WA State Supreme Court Justices under attack for corruption and criminal conduct!

By: Chief Activist

A grievance is going to be filed with the Commission on Judicial Conduct that alleges, with ample evidence, that the WA State Supreme Court is a mere bunch of criminals.

The problem is, as we have been reminding ‘we the people,’ the Commission on Judicial Conduct is composed of judges of the court of appeals and judges of the superior court and lawyers of the WA State Bar and a few citizens chosen by these entities. So the question is do we have an impartial government or have the lawyers, who also serve in judicial, legislative, executive branches and on boards, commissions (as on the CJC), etc., commandeered our government. Are we citizens the mere play-toys for lawyers to use as they will?

The grievance that is anticipated states the following.

Statement in Support of Bill Scheidler’s Grievances against Supreme Court Justices Madsen, Gonzalez, Yu, Owens, Stephens

MadsengonzalezYuOwens2013stephens2013

The undersigned upon personal experience and knowledge makes these allegations against the above justices for fraud, official misconduct, violation of Art. 4, sec 28, violation of RCW 2.28.030, subornation of perjury, misprision of felony, and collusion in other crimes (RCW 9A.08). In addition to evidence of criminal conduct, allegations are these justices violated Canons 1, 2 and 3 of the Code of Judicial Conduct. Especially these justices, in ruling on a matter of direct interest for which they are all disqualified, have colluded in violations by the lower court judges so as to establish their conduct acceptable – RULE 3.3 prohibits being a character witness for their own self-interest.
Under law, per RCW 42.20.080,

“Every officer or other person mentioned in RCW 42.20.080, who shall willfully disobey any provision of law regulating his or her official conduct in cases other than those specified in said section, shall be guilty of a gross misdemeanor.”

The law, RCW 18.130.180(7), notes that is professional misconduct in the …
“Violation of any state or federal statute or administrative rule regulating the profession in question, including any statute or rule defining or establishing standards of patient care or professional conduct or practice;”

For any “judge” to rule in favor of their colleague of the Bar, Scott Ellerby, and vouching for the conduct of the lower courts’ judges, is in every sense “vouching for the character of their colleagues” as well as ruling in a matter in which they are disqualified under Rule 2.11 and RCW 2.28.030(1). The conduct of one judicial official is conduct representative of and precedent for all judicial officials within the judicial branch. Judges who ignore the law to disqualify themselves in such matters are ruling upon conduct they have a direct interest in, including the very disqualification statute that applies to them and which they routinely violate.
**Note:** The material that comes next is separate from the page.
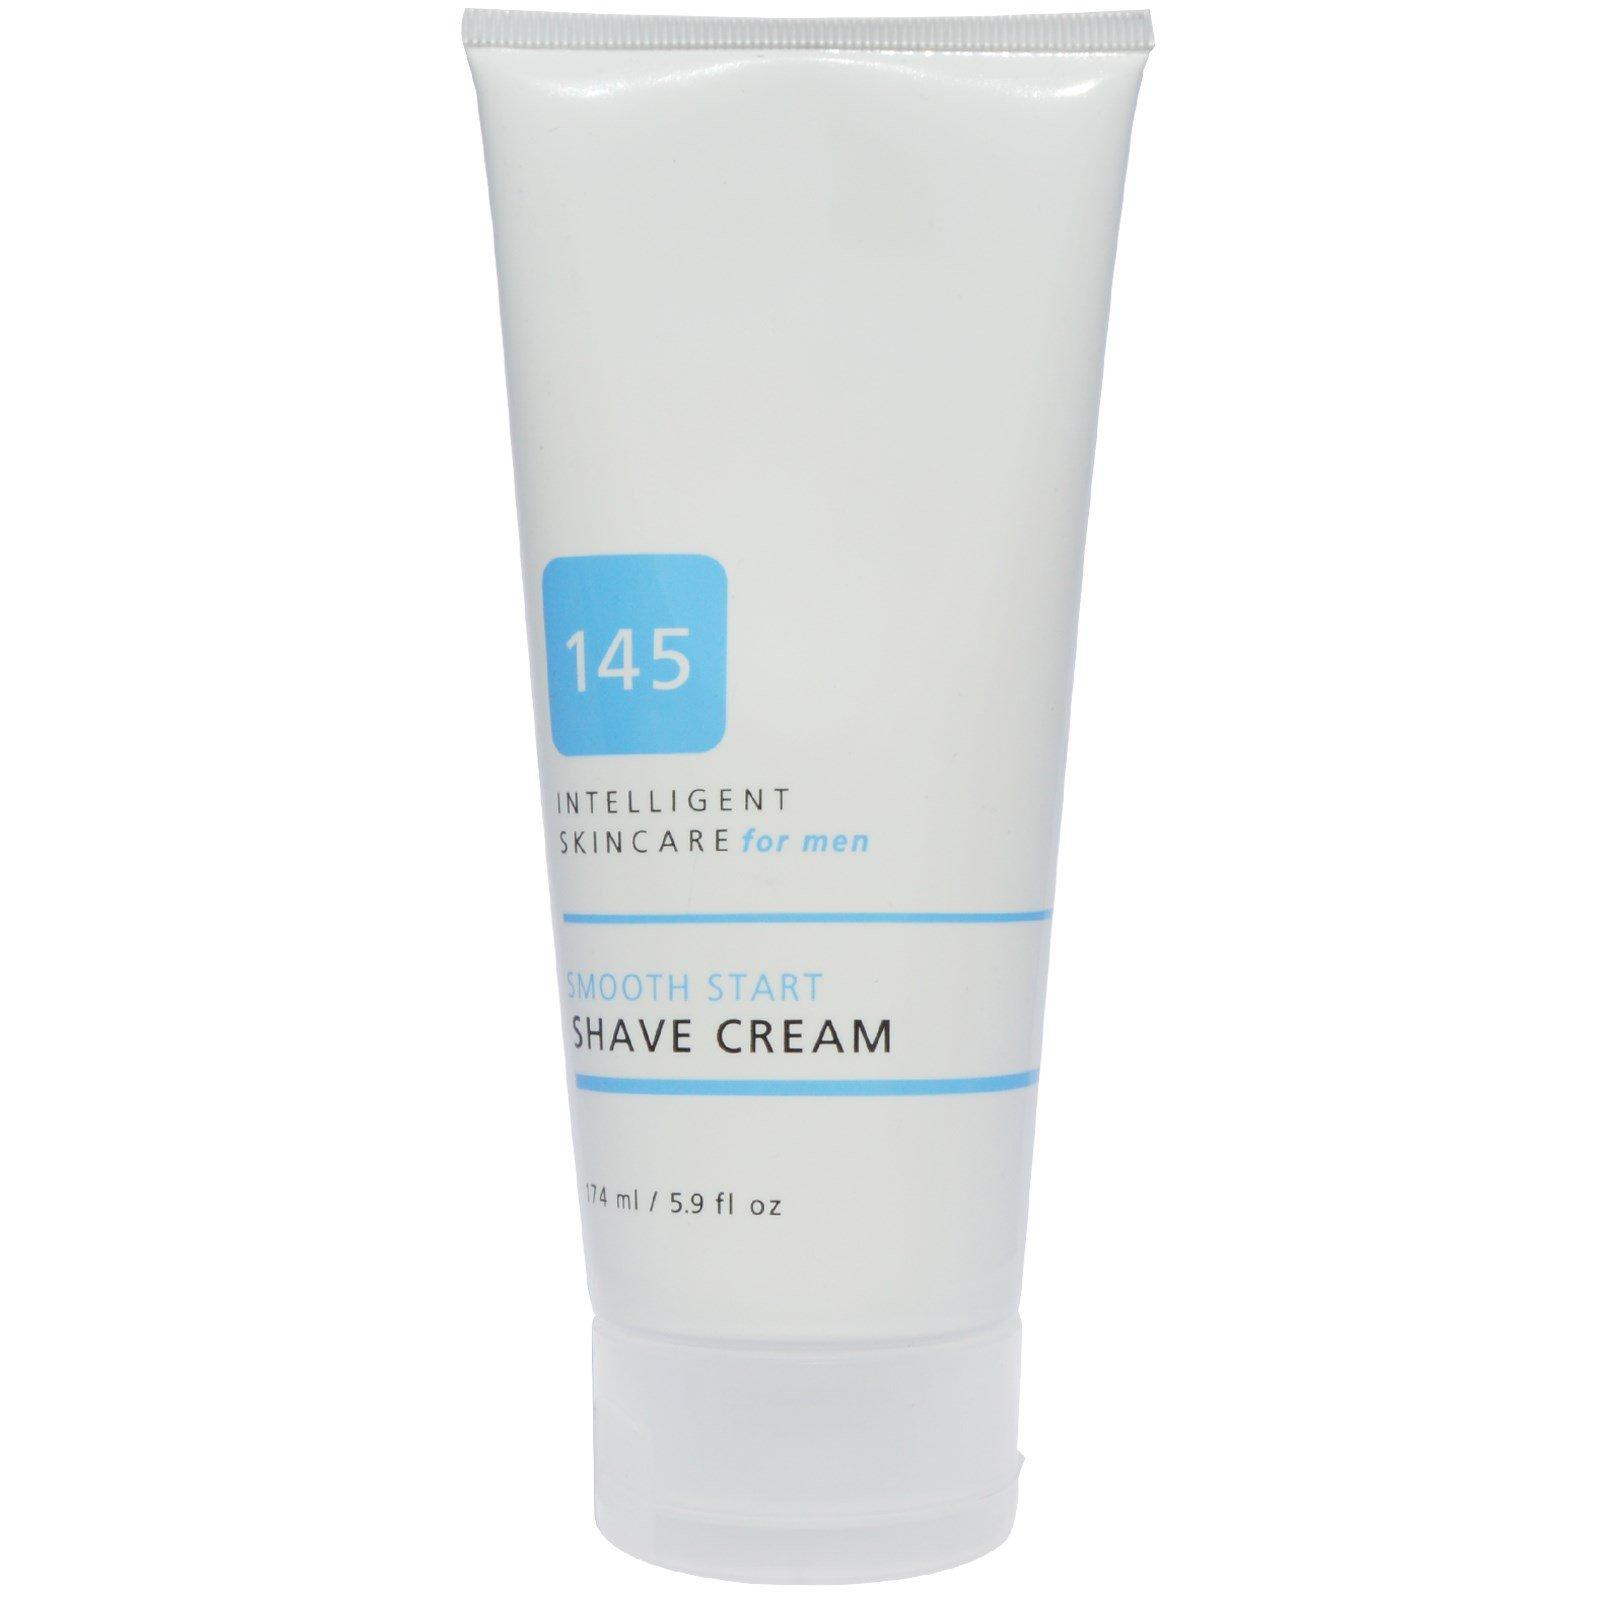 145 Intelligent Skincare for Men, Smooth Start, Shave Cream, 5.9 fl. oz.

As such judicial branch judges have established themselves arbiters of and character witnesses of their own conduct and no law or ethical obligation will contain them.

Rules 1, 2, and 3 are incorporated by reference and provided in part below.

Rule 2.11 Disqualification (in part)
(A) A judge shall disqualify himself or herself in any proceeding in which the judge’s impartiality* might reasonably be questioned, including but not limited to the following circumstances:
(1) The judge has a personal bias or prejudice concerning a party or a party’s lawyer, or personal knowledge* of facts that are in dispute in the proceeding.
(2) The judge knows* that the judge, the judge’s spouse or domestic partner,* or a person within the third degree of relationship* to either of them, or the spouse or domestic partner of such a person is:
(a) a party to the proceeding, or an officer, director, general partner, managing member, or trustee of a party;
(b) acting as a lawyer in the proceeding;
(c) a person who has more than a de minimis* interest that could be substantially affected by the proceeding; or
(d) likely to be a material witness in the proceeding.
(3) The judge knows that he or she, individually or as a fiduciary,* or the judge’s spouse, domestic partner, parent, or child, or any other member of the judge’s family residing in the judge’s household,* has an economic interest* in the subject matter in controversy or in a party to the proceeding.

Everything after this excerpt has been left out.